Verona Pharma PLC RPL554 data presented at North American CF Conference
October 08 2015 - 6:30AM
UK Regulatory
TIDMVRP
Verona Pharma plc
("Verona Pharma" or the "Company")
Data demonstrating PDE3/4 inhibitor RPL554 enhances CTFR-dependent currents in
cystic fibrosis airway epithelia
Poster presented at North American Cystic Fibrosis Conference, USA
8 October 2015, Cardiff - Verona Pharma plc (AIM: VRP.L), the drug development
company focused on first-in-class medicines to treat respiratory diseases,
announces that a poster will be presented later today at the North American
Cystic Fibrosis Conference in Phoenix, Arizona, USA, 8-10 October 2015.
Poster number 231, entitled: "The Dual Phosphodiesterase 3 and 4 Inhibitor,
RPL554, Enhances Forskolin-Stimulated, CTFR-Dependent Currents in Cystic
Fibrosis Airway Epithelia" investigated the effect of RPL554, an inhaled dual
PDE3/4 inhibitor, on the Cystic Fibrosis Transmembrane conductance Regulator
(CFTR), an anion channel that is mutated in Cystic Fibrosis (CF).

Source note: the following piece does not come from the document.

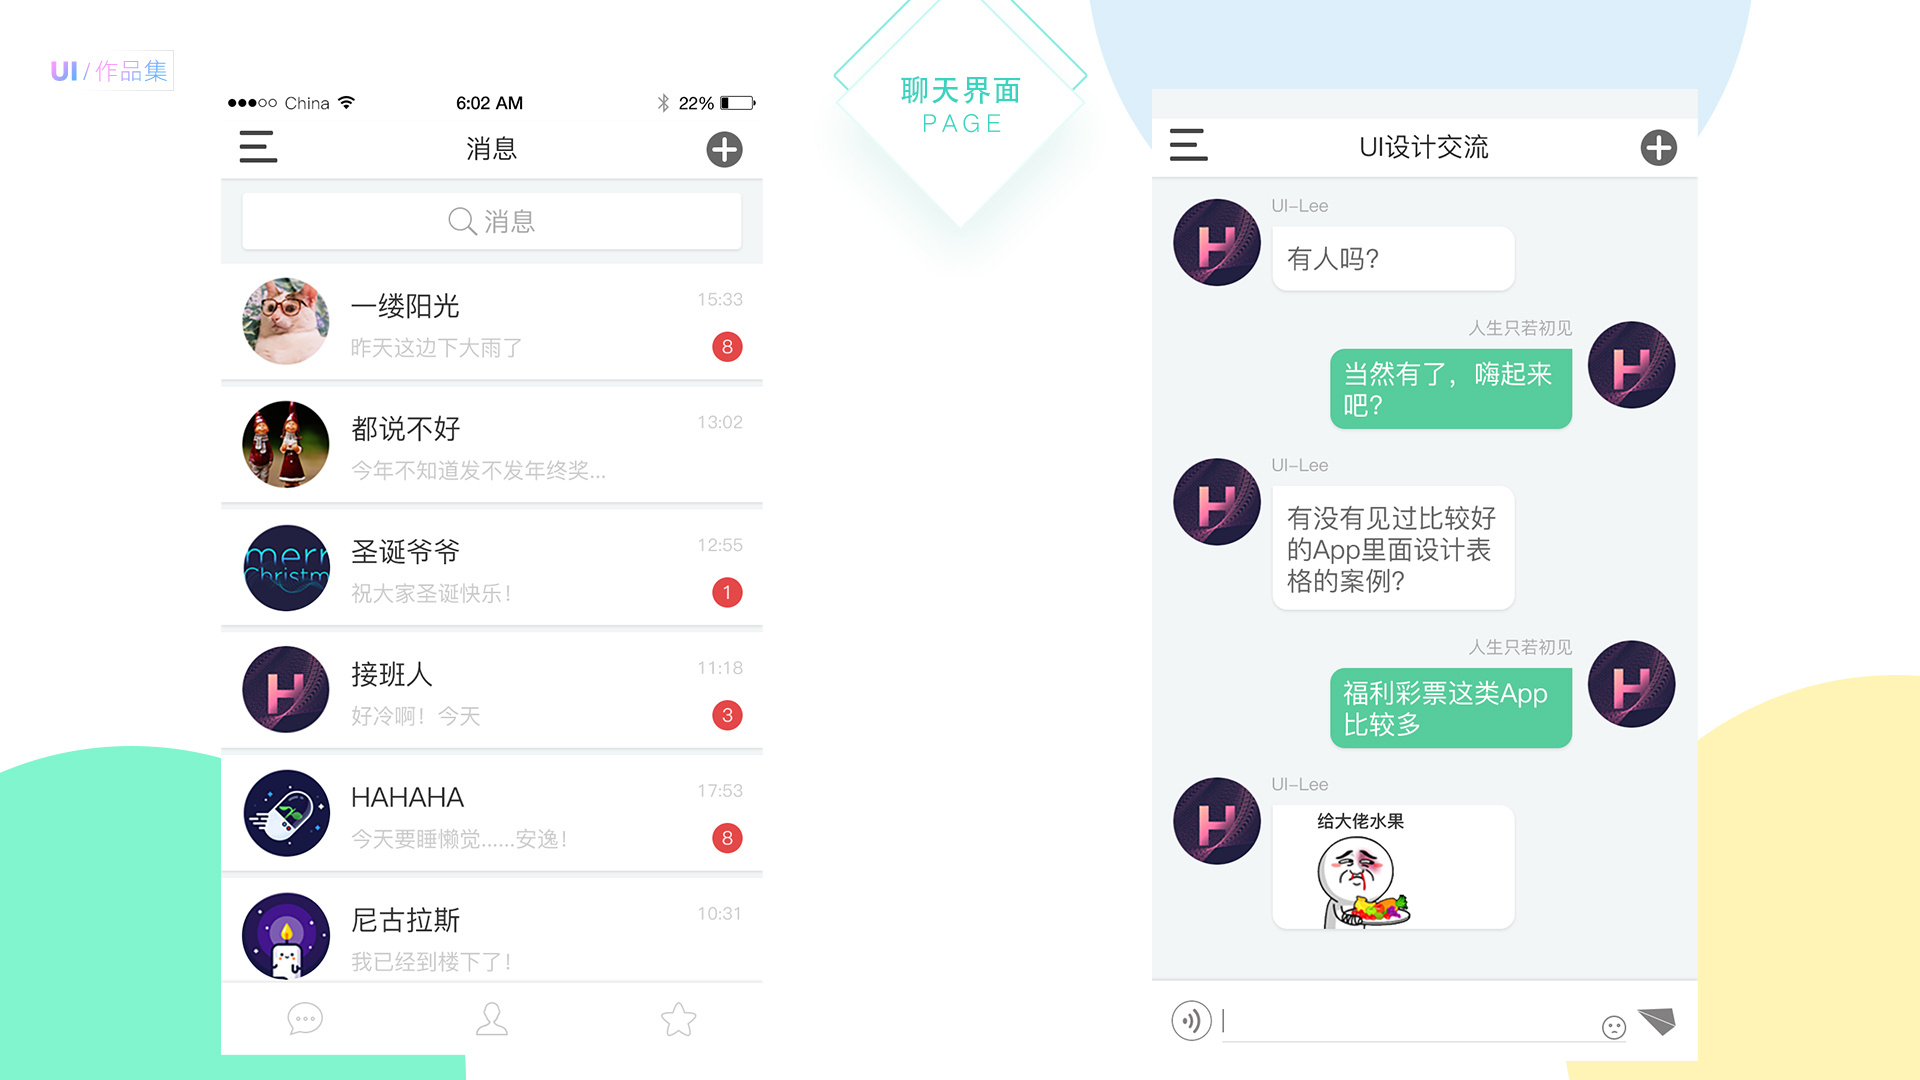 whatsapp中文最新版：界面简约大方，功能强大实用，使用体验超乎想象

In a preclinical model, RPL554 was shown to have CFTR-stimulatory properties
and that CFTR activation by RPL554 is mediated by its inhibition of PDE4 in
cells from CF patients with the R117H/F508del mutation. The data reported
suggest that CFTR activation may contribute to the action of inhaled RPL554 in
chronic obstructive pulmonary disease (COPD) and asthma, and further support
the concept that RPL554 may be an attractive novel therapeutic option for the
treatment of CF, an orphan disease with about 70,000 people afflicted
worldwide. This work was partly funded through the Venture and Innovation Award
which Verona Pharma received from the UK CF Trust in November 2014. This poster
also extends the work presented at the 2014 North American Cystic Fibrosis
Conference in Atlanta, Georgia, USA, announced in a press release on 29
September 2014.
Verona Pharma's lead drug, RPL554, is a first-in-class drug currently in Phase
II trials as a nebulised treatment for acute exacerbations of COPD in the
hospital setting.
The full abstract for this poster is reproduced below.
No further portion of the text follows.